Methods: In this prospective study, 111 HIV patients treated with ATV/r were included with at least 2 years follow-up visits for the emergence of hyperbilirubinemia, hypertransaminasemia, and serum creatinine elevation. The causality assessment was done based on the WHO scale for the causality assessment of suspected ADR.

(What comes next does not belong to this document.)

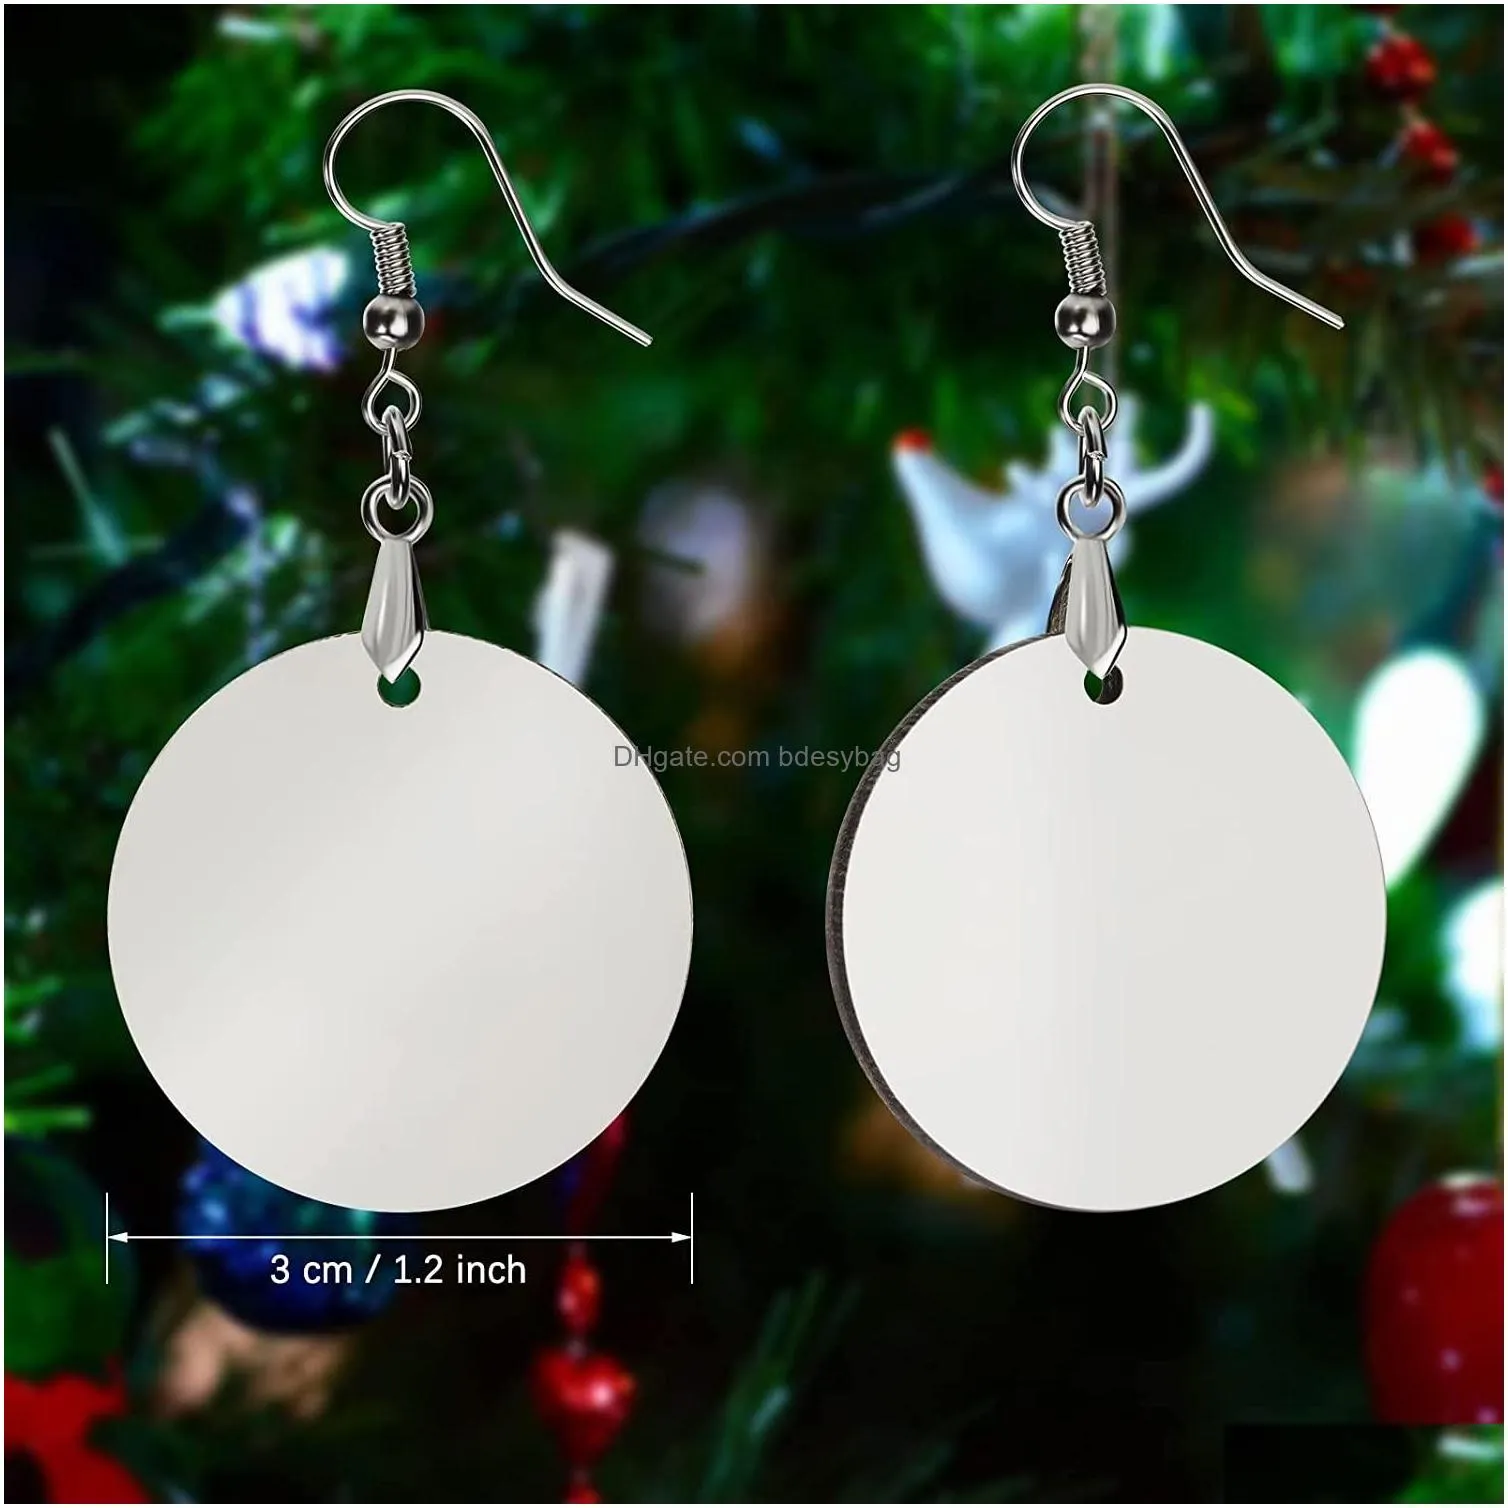 Sublimation Blank Earrings Round Heat Transfer MDF Board White Sublimation Blanks Wire Hook Earring for DIY Crafts Making Supplies

Results: The incidence of severe hyperbilirubinemia, hypertransaminasemia, and creatinine elevation was 28.6, 0.76, and 1.62 cases/100 person years, respectively. 3TC/FTC + TDF (odds ratio [OR]: 6.07, confidence interval [CI]: 1.31-27.98, P = 0.015) nucleos (t) ide reverse transcriptase inhibitor backbone and male sex (OR: 18.64, CI: 2.13-162.93, P = 0.0082) were found to be significantly associated with hypertransaminasemia and creatinine elevation, respectively. The causality assessment of ADR was "possible" for all the participants. Kaplan-Meier analysis showed hyperbilirubinemia to emerge earlier (mean duration: 32.18 months, CI: 24.9-39.4 months) followed by hypertransaminasemia and creatinine elevation. Hyperbilirubinemia is an expected side effect associated with ATV/r which is benign, transient, and does not predispose to hypertransaminasemia.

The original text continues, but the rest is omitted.